The New York Times op-ed by Mahmoud Abbas is entitled “The Long Overdue Palestinian State,” but you would not learn from it that he turned one down in 2008; that the Palestinians rejected the Clinton Parameters in 2001; and that they rejected the offer of a state at Camp David in 2000. Each of those offers consisted of a state on substantially all of the West Bank and Gaza with a capital in Jerusalem and a “right of return” to the new Palestinian state. Three rejections in eight years.

Even more importantly, you would not learn why the Palestinians are not celebrating this year the 64th anniversary of the Long Overdue Palestinian State, which would have happened had the Arabs accepted the 1947 UN resolution proposing a two state solution. Here is the “narrative” Abbas offers:

In November 1947, the General Assembly made its recommendation [that Palestine should be partitioned into two states]. Shortly thereafter, Zionist forces expelled Palestinian Arabs to ensure a decisive Jewish majority in the future state of Israel, and Arab armies intervened. War and further expulsions ensued.
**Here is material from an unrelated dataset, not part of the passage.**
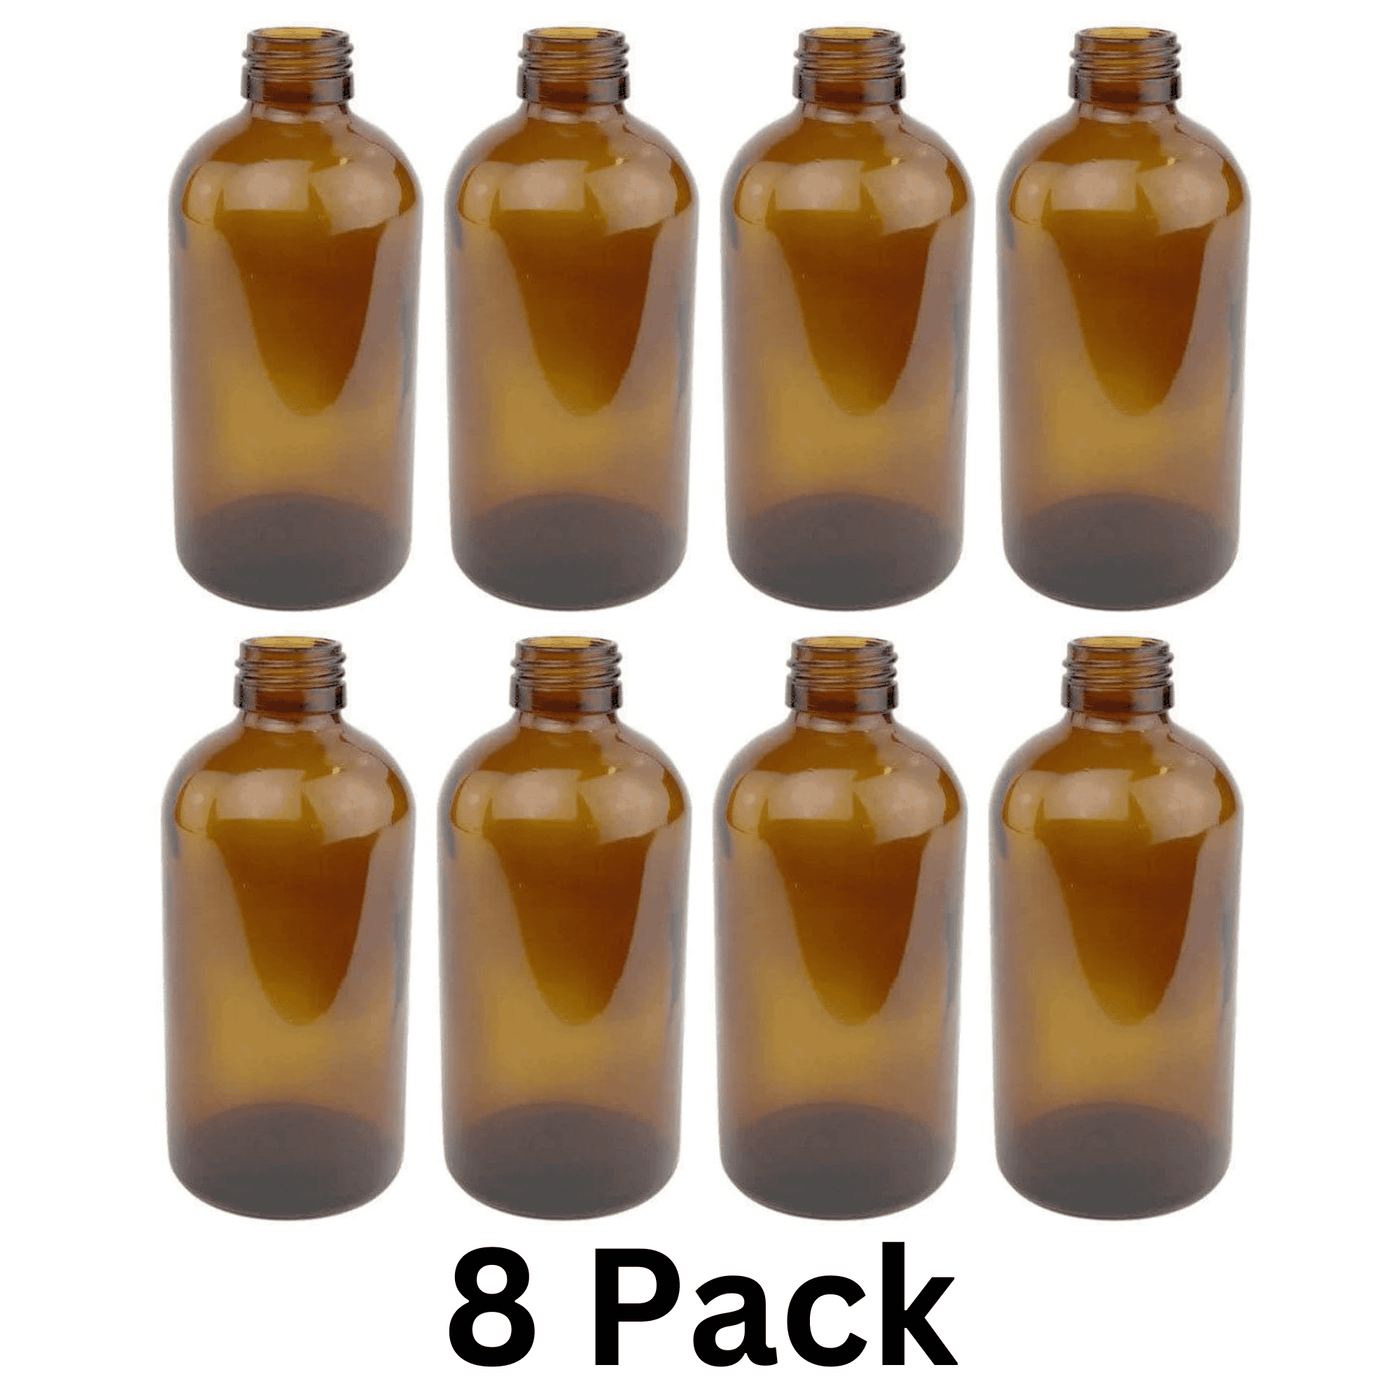 200ml Amber 'Boston' Style Glass Bottle - 8 Pack

Here is what actually happened: every Arab state voted against the resolution, joined by every Muslim state (Afghanistan, Iran, Pakistan and Turkey). In his monumental 700-page volume, Israel: A History, Martin Gilbert describes what came next:

From the moment of the United Nations vote, Arab terrorists and armed bands attacked Jewish men, women and children all over the country, killing eighty Jews in the twelve days following the vote, looting Jewish shops, and attacking Jewish civilian buses on all the highways. For the Arabs outside Palestine, a similar wave of anti-Jewish hatred led to violence against Jews in almost every Arab city. . . . There followed, in Palestine, five and a half months of terrorism and violence.

Israel’s May 14, 1948 Declaration of Independence urged Arab residents to stay, and provided full citizenship for them. The Arab states responded by invading a UN-approved state, seeking to destroy it. The resulting refugees and successive generations of their descendants have resided in those states, most of them all their lives, without ever having been offered citizenship there, or other basic rights.

The 1947 UN resolution used the phrase “Jewish state” no less than 30 times. It was the unwillingness then to accept a Jewish state that led to the stateless Palestinians and their refugees. It is an unwillingness that persists to this day—epitomized by the effort to seek UN recognition in September of a Palestinian state without the need to recognize a Jewish one, much less defensible borders for it.